Responding to an article in Psychologist (2003;16: 401), a reader says it is inappropriate to set oneself up as a psychotherapist and invite clients to sit in a room and engage in client centred therapy, and at the same time claim to offer no “interventive strategy.” Just sitting in the room with someone who regards you as their therapist constitutes an intervention.

Minerva smiles when people wince at the price of nicotine replacement therapy but still find the money to buy cigarettes. In Australia, the impact of tobacco tax reforms on tobacco use was closely observed. During the first two phases, the impact of the tax rise was offset by greater retail discounting, and the fall in smoking consumption was less than expected.

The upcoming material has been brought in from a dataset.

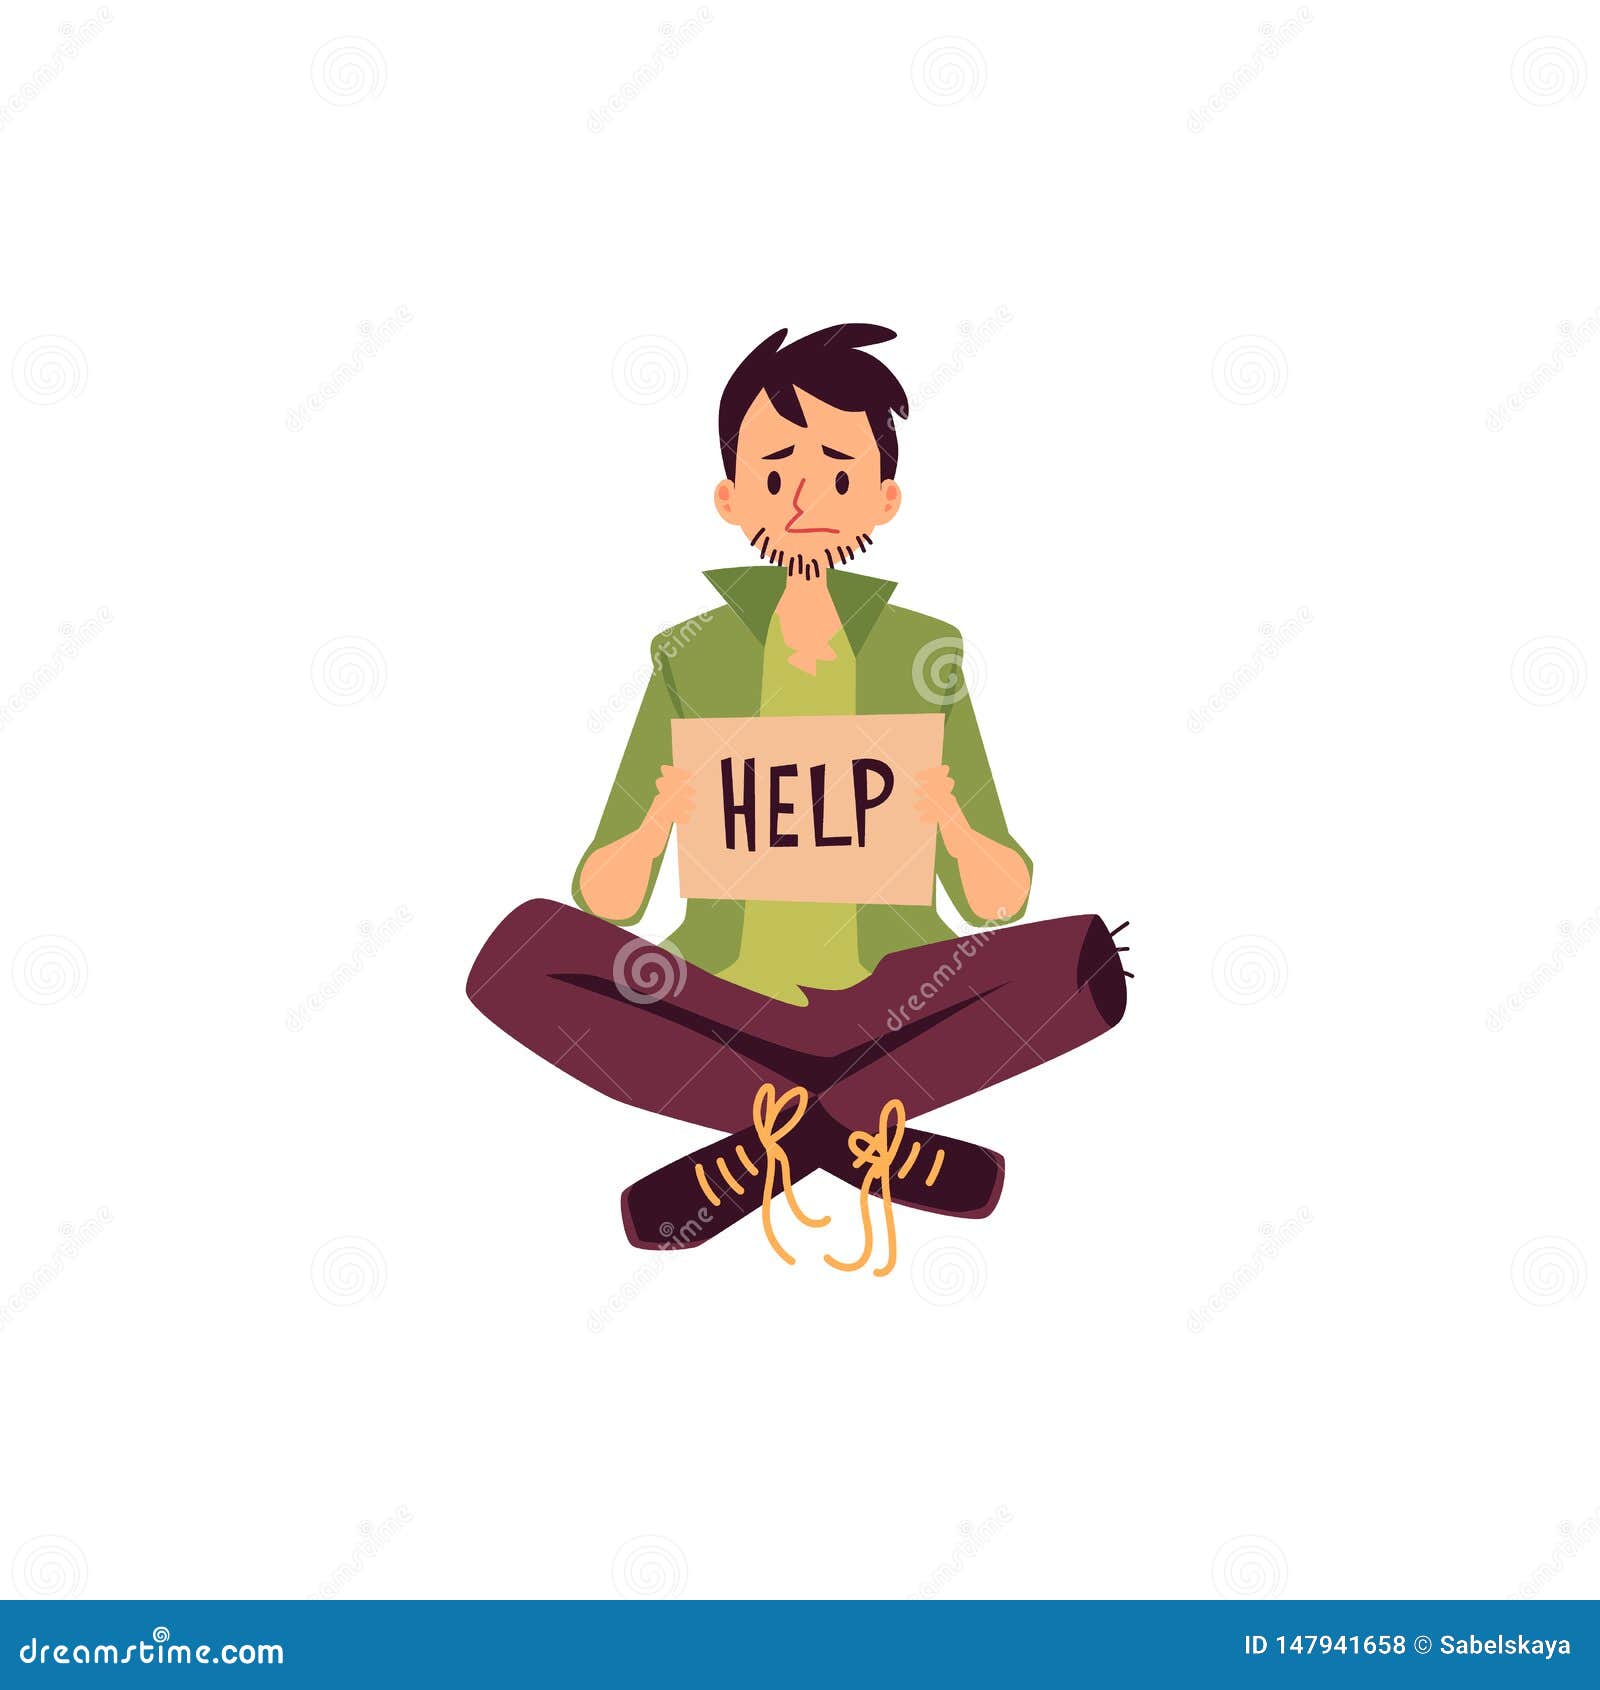 Homeless Man Sitting Legs Crossed and Holding Help Asking Sign Cartoon  Style Stock Vector - Illustration of beggar, character: 147941658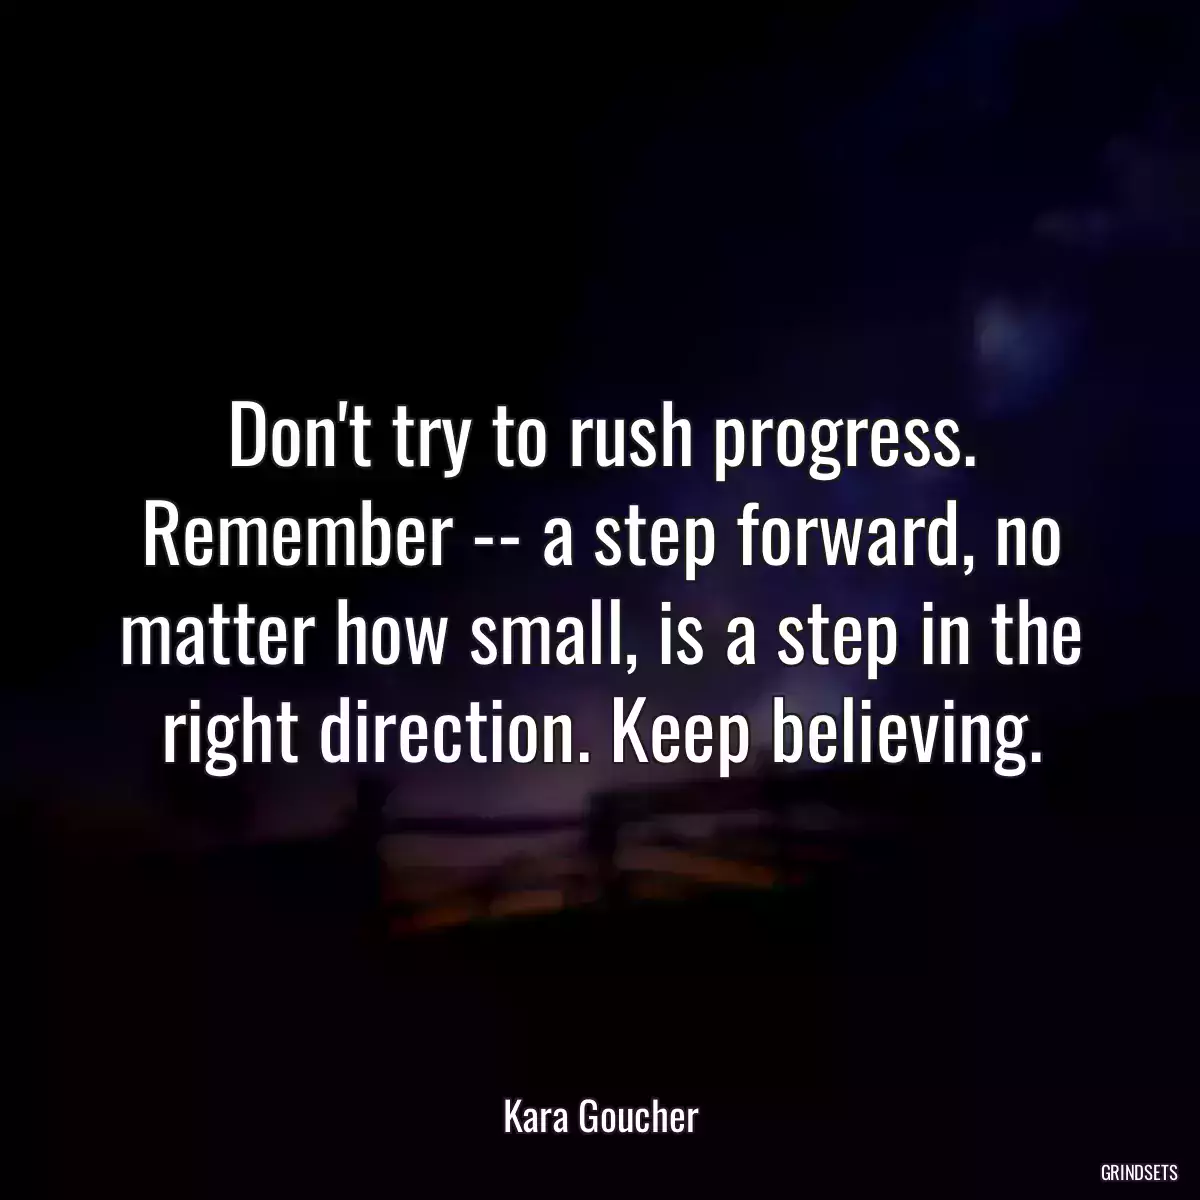 Don\'t try to rush progress. Remember -- a step forward, no matter how small, is a step in the right direction. Keep believing.

In the third phase, smokers were unable to cushion themselves from the sharp price increases that occurred (smokers paid 25% more) and the fall in consumption was considerably higher than expected (Tobacco Control 2003;12(suppl II): ii59-66

As with old dogs, the nervous system seems limited in its capacity to learn with increasing age. Neuroscientists reporting in Nature Neuroscience (2003;advance online publication http://dx.doi.org/10.1038/nn1115>) watched naturally occurring rearrangements of axon terminals in mice. The neurons had been engineered to express a fluorescent protein, allowing the scientists to image individual nerve terminals over time. Growth and retraction took place rapidly in young mice, and remodelling decreased significantly by middle age.

Survivors of childhood cancer often need help from fertility services later in life. A strategy for fertility services (Human Fertility 2003;6: A1-40) says that oncology units should ensure that all competent females have the opportunity of discussing the preservation of their fertility by conservation of a sample of gonadal tissue or oocytes before toxic treatment or removal of ovarian tissue. Although cryopreservation is an experimental technique, preservation is intended to create future opportunities as techniques develop.

Loosening your tie helps in hot weather, and it may also reduce your intraocular pressure. Twenty people with normal eyes and 20 patients with open angle glaucoma had their intraocular pressure checked with their shirt collar open and when wearing a tight tie. In both groups, intraocular pressure increased when the tie was worn; in some cases it went into the range where diagnosis and management could be affected ( British Journal of Ophthalmology 2003;87: 946-8).